[quote]cobain67 wrote:
Prior to this I trained after meal 1 in the AM. My post workout carbs came from oats/oat bran and fruit.
Alright, here’s what I put together:
6’2"
168lbs
BF%: 8-9% (realistically; calipers read like 2%)
Meal 1:
42g protein
75g carbs
15g fat
*Train (4 scoops XTend, 1/2 scoop EAAs, 15g Waxy Maize)
30g protein
15g carbs
0g fat
Meal 2:
42g protein
75g carbs
15g fat
Meal 3:
42g protein
15g carbs
15g fat
Meal 4:
42g protein
15-30g carbs (grapefruit and lcarb milk + veggies)
15g fat
*Train (4 scoops Xtend, 1/2 scoop EAAs, 15g Waxy Maize)
30g protein
15g carbs
0g fat
Meal 5:
42g protein
50g carbs (oatmeal, veggies)
15g fat
Meal 6:
35g protein
10g carbs
15g fat
This is what I have been doing… Although I know it is not enough for this routine. I just hear so many mixed opinions on what one should do with their macros, timing, etc. that I’ve just given myself a freaking headache, lol…

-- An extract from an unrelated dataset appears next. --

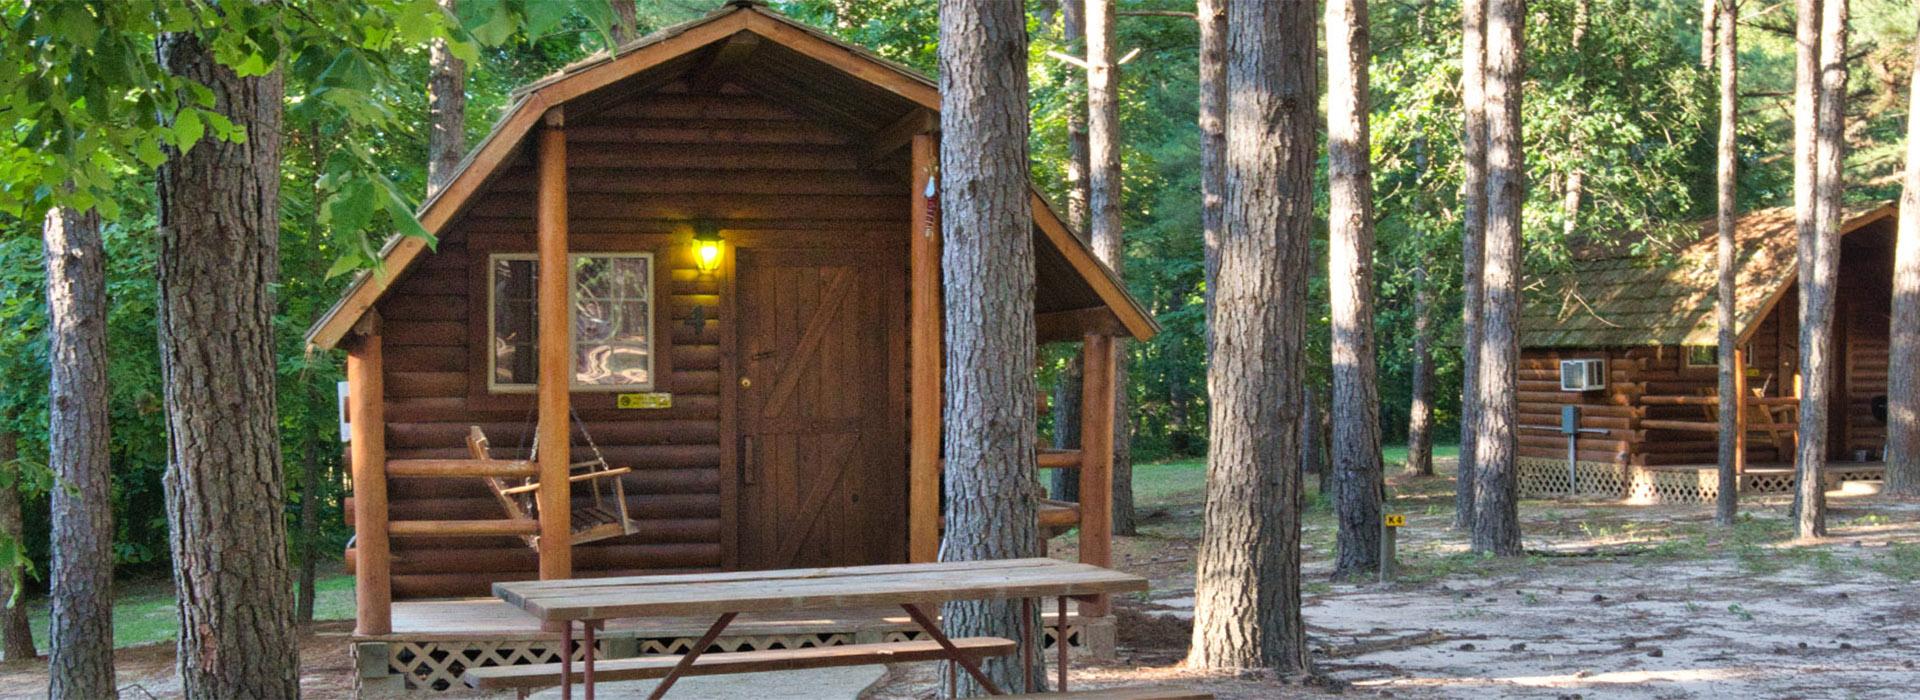 Cabin & TeePee Camping
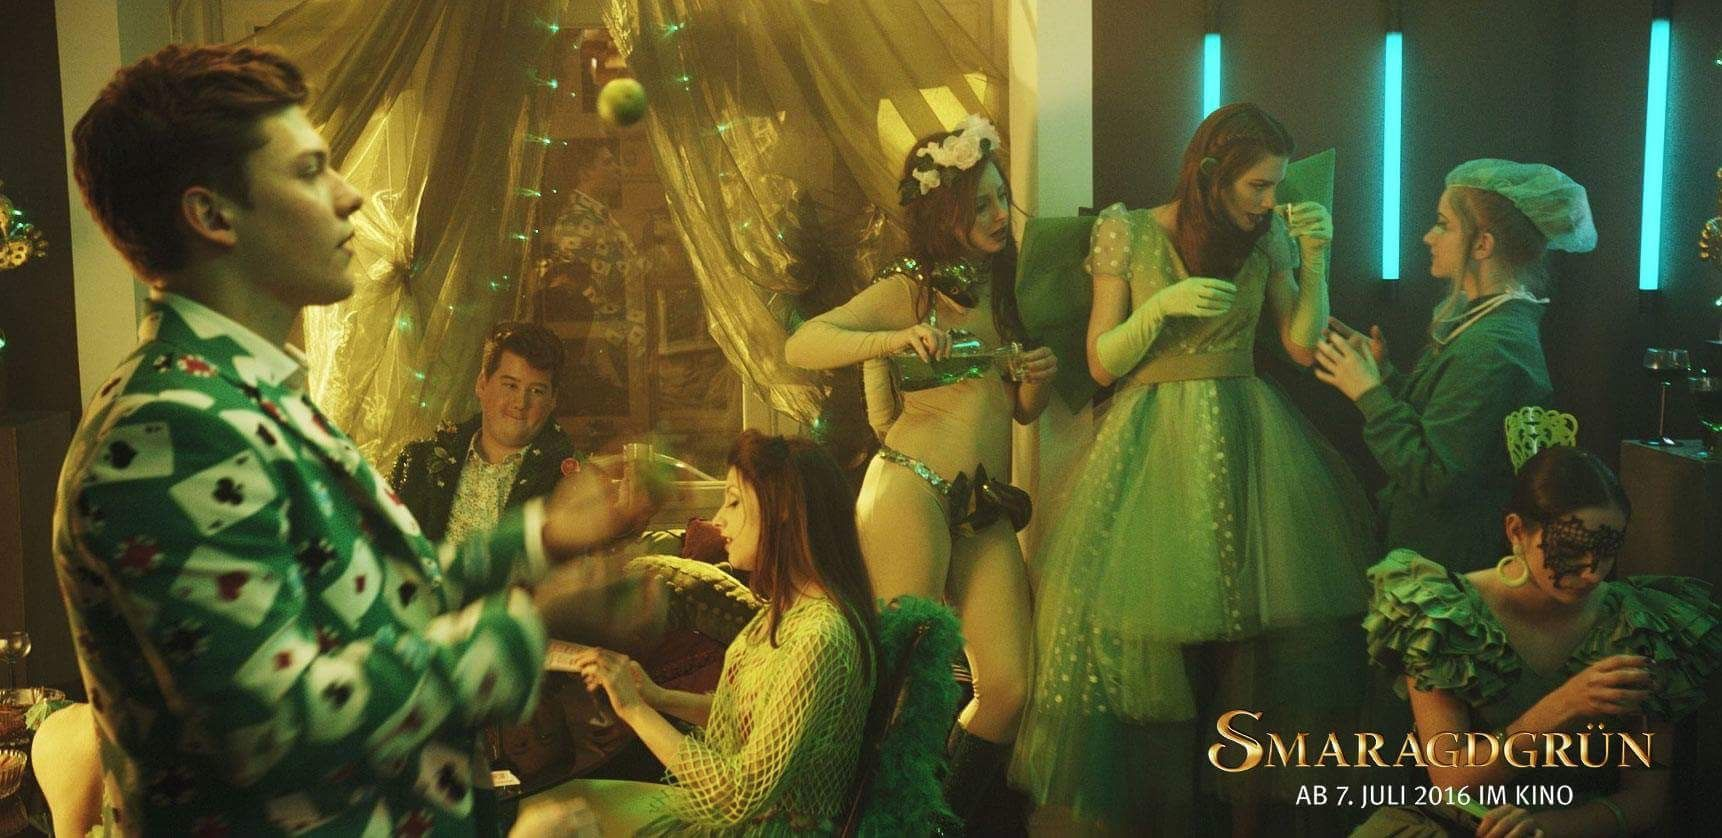 Smaragdgrün Online Film

regarding the above diet, I have been trying for 3100-3200 cals/day on training days, and 2500 or so on off days.
Thanks again for the help, and sorry this is posted in your log…
[/quote]
OK, now that I have some time to look at this.
To be honest, you’re worrying WAY too much about this at 168lbs 8% bodyfat and 6’1". You’re actually pretty skinny (and lean obviously). I would say jsut from your statistics that you have ectomorphic tendencies (much like myself). What are your goals? You HAVE to overcome these if you want to put on some muscle. In fact, you’re primed for some damn muscle right now lol!

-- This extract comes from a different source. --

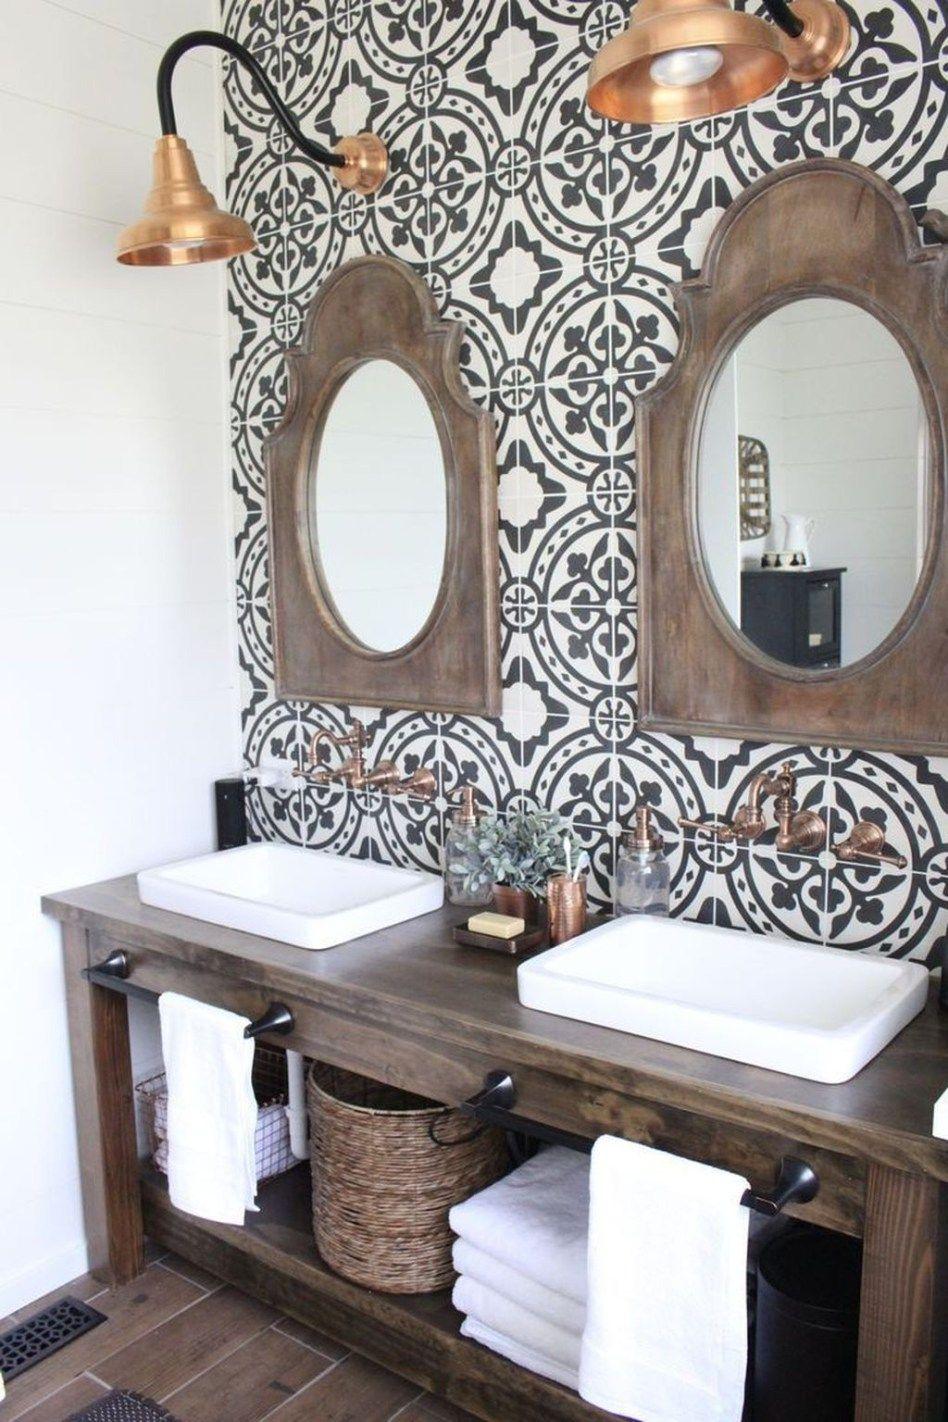 Modern Rustic Farmhouse Style Master Bathroom Ideas 39 ... on Rustic Farmhouse Bathroom Tile  id=99437

Also, you do realize that you aren’t reaping the benefits of the waxy maize by adding that much extra stuff to it right? The reason WMS is effective is it’s high molecular weight. The molecular weight of aminos is MUCH lower. Through experimentation most people find that any more than 30% or so of added stuff will negate the effects of WMS.
Think of it as a cannonball shooting through a cloth. If the cloth is too big is will slow the cannonball. However, if it’s small enough it will get dragged along for the ride.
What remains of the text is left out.